AIM OF THE TASK:
Please reproduce the listing below exactly, leaving out every picture.

[[ DATA EXTRACT, beginning ]]

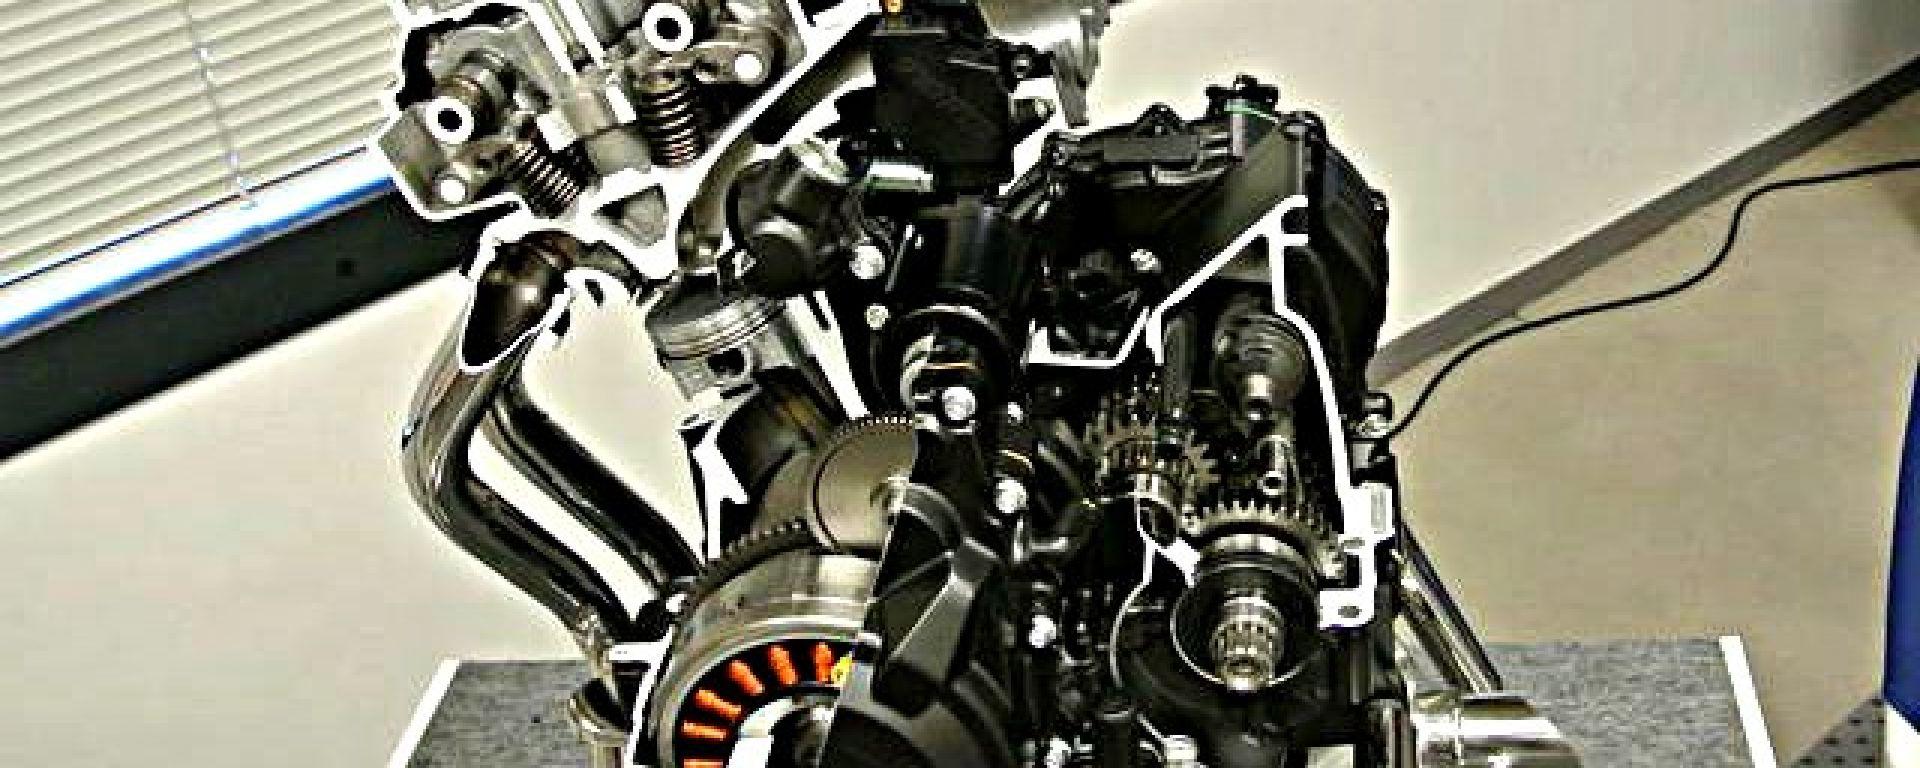 Nuovo motore Honda 400 cc
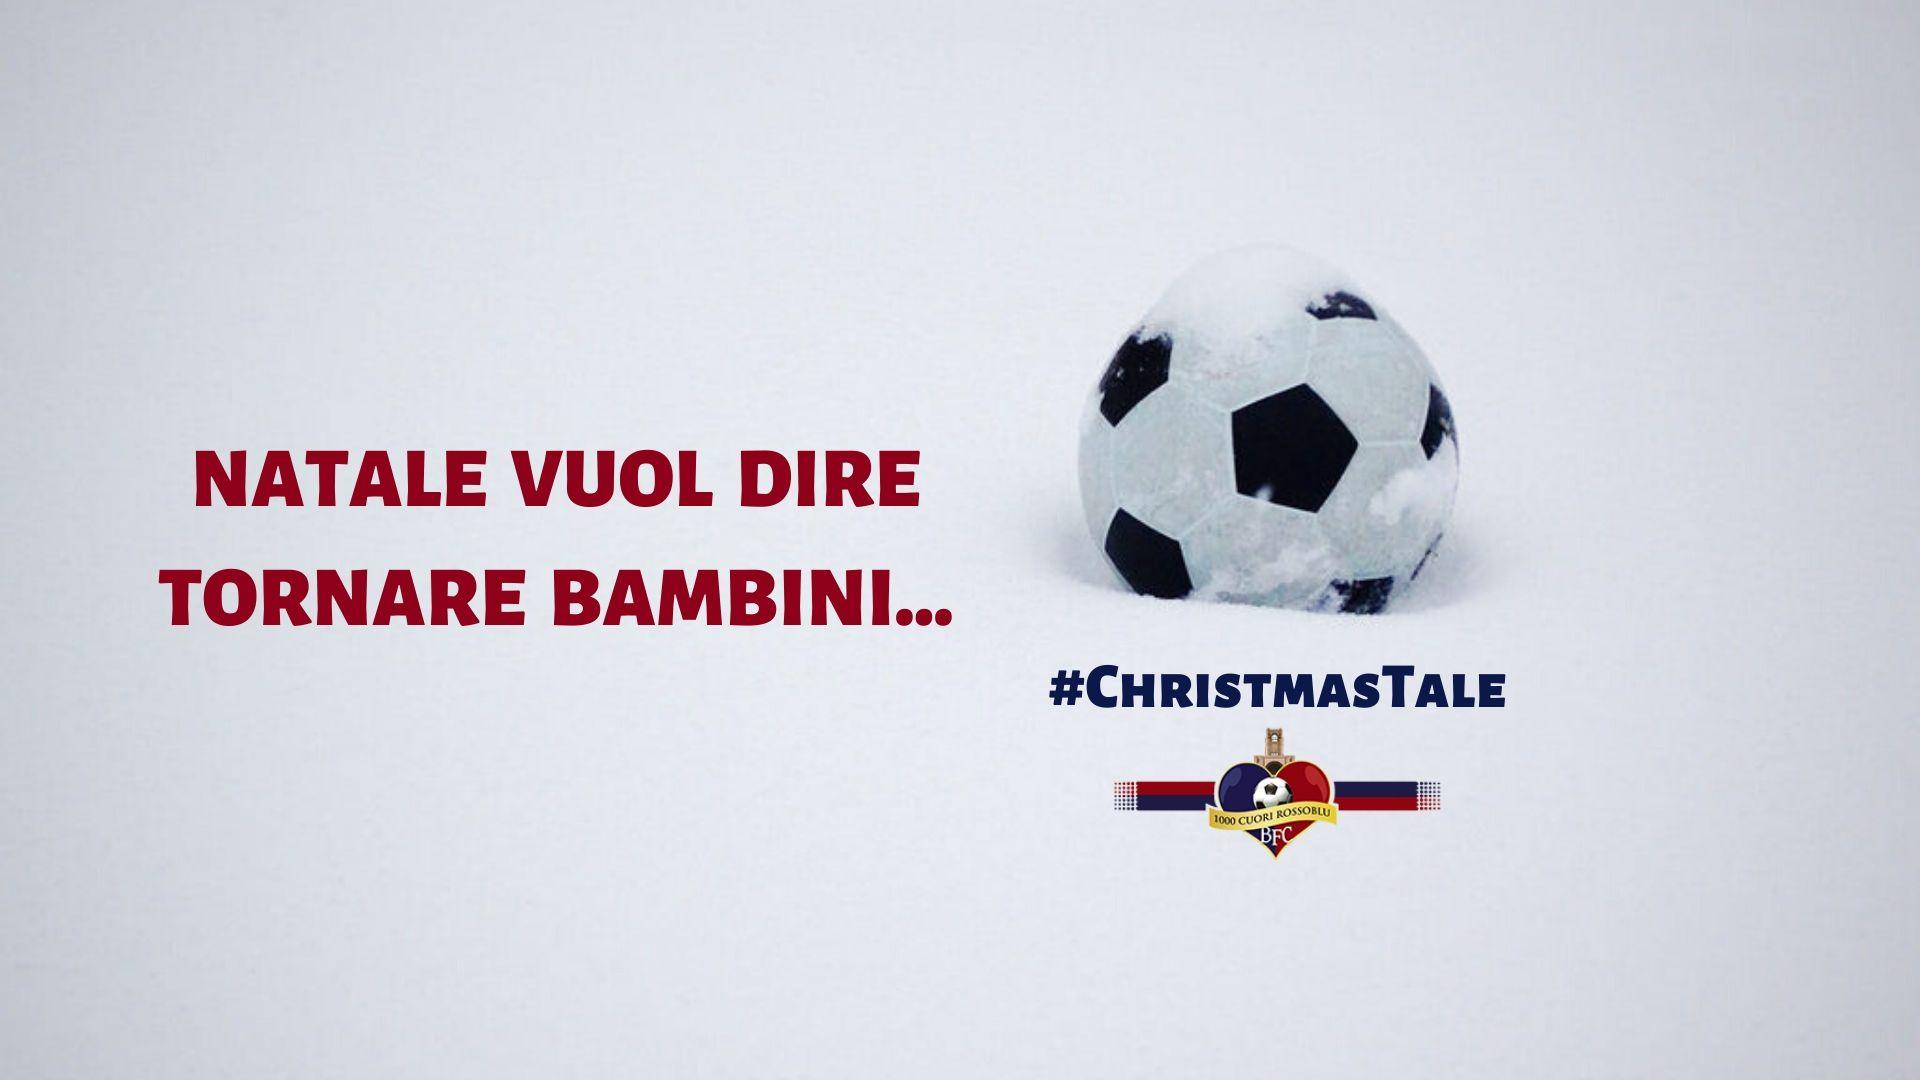 #Christmas Tale - Natale vuol dire tornare bambini
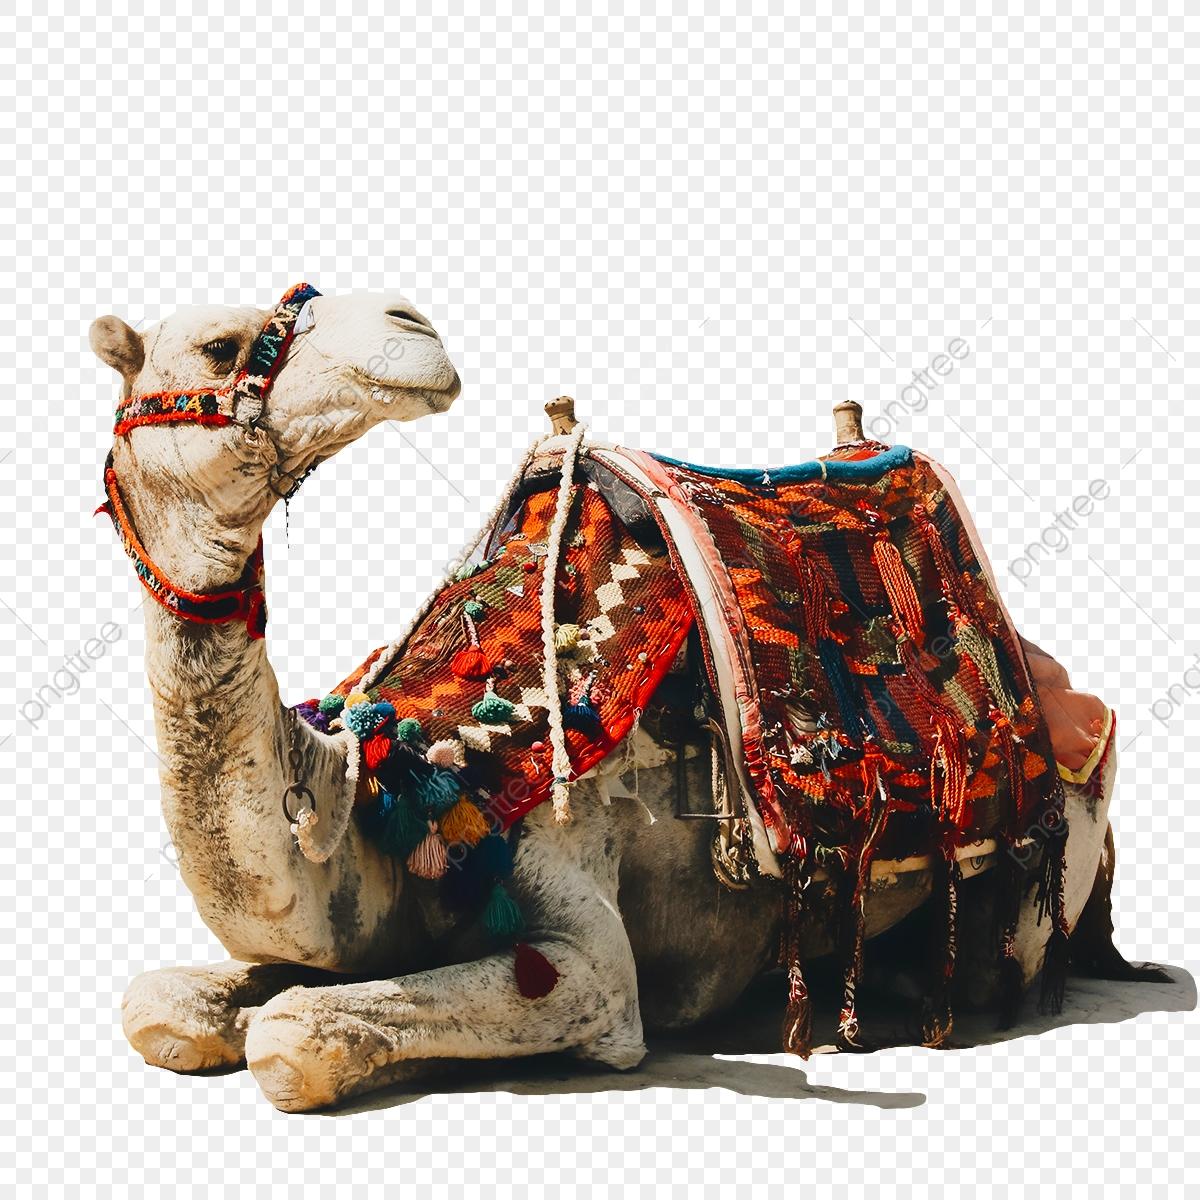 Camel clipart camel egypt. Png cartoon egyption
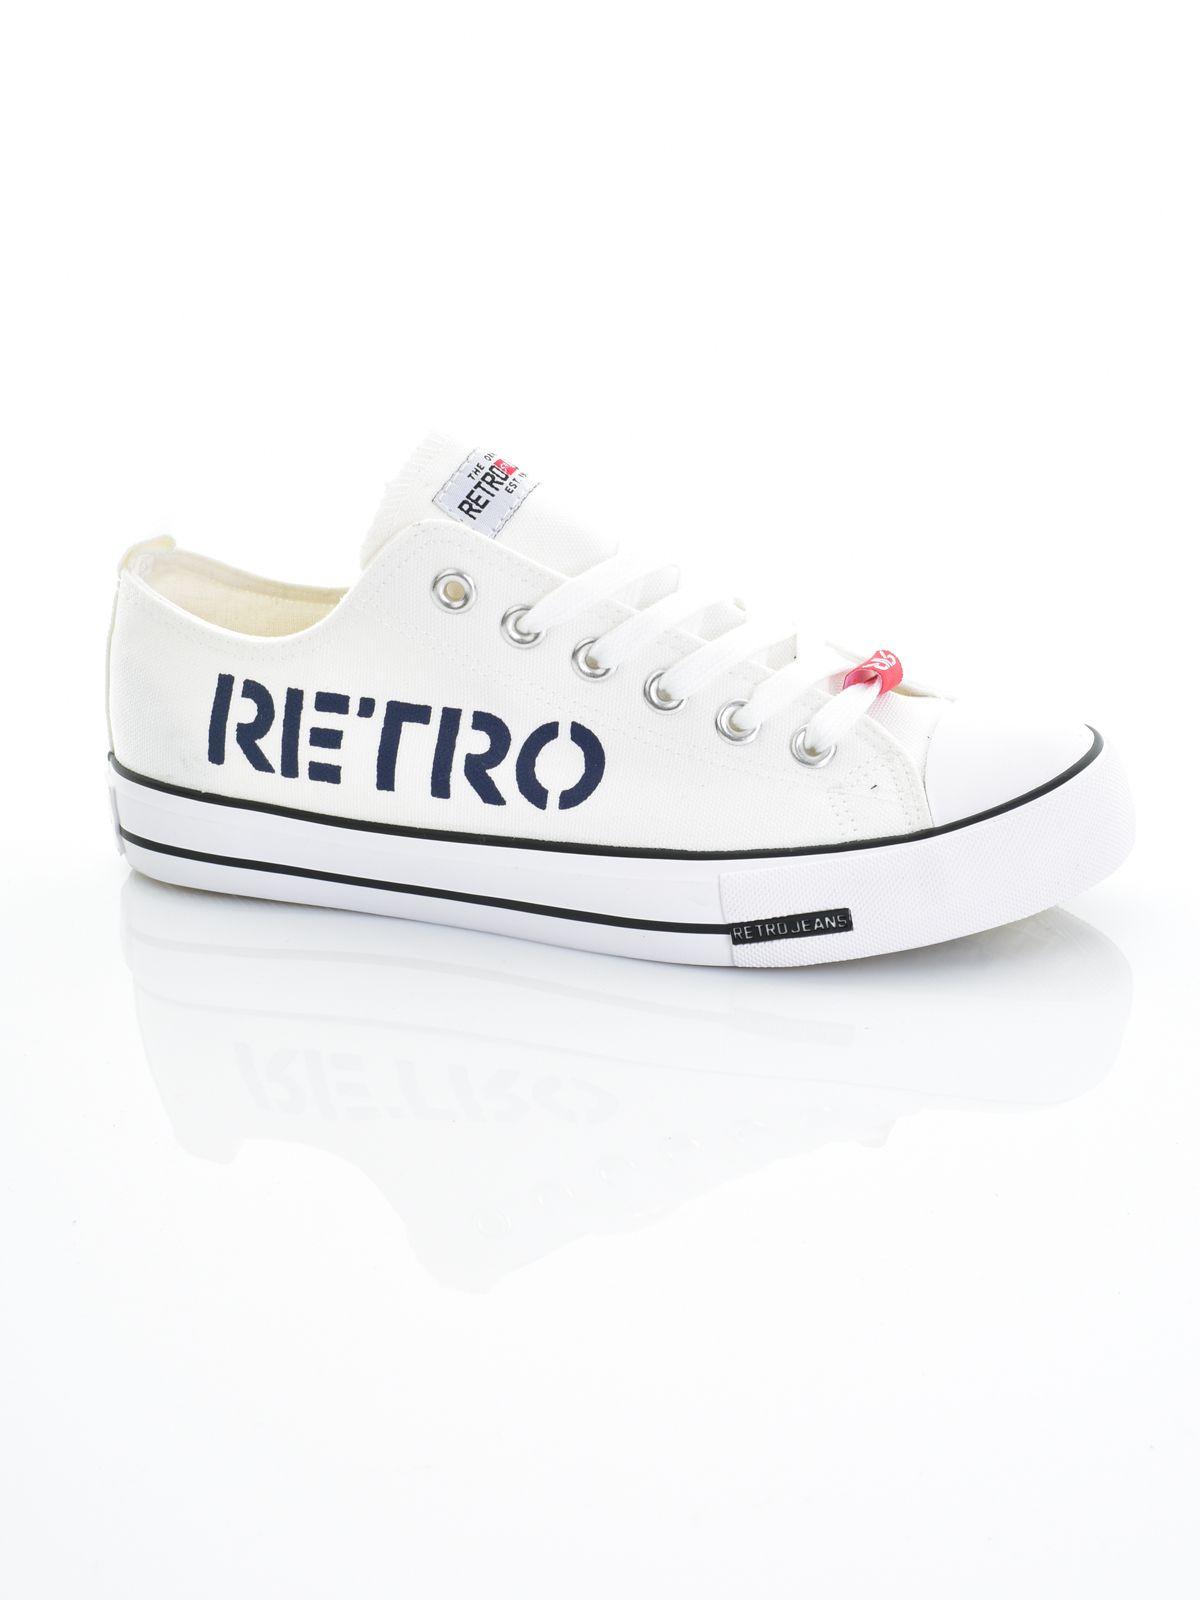 Retro Jeans férfi cipő CLAXTON PRINT SNEAKERS | Markasbolt

[[ DATA EXTRACT, end ]]

OUTPUT FOR THIS EXERCISE:
 Nuovo motore Honda 400 cc
 #Christmas Tale - Natale vuol dire tornare bambini
 Camel clipart camel egypt. Png cartoon egyption
 Retro Jeans férfi cipő CLAXTON PRINT SNEAKERS | Markasbolt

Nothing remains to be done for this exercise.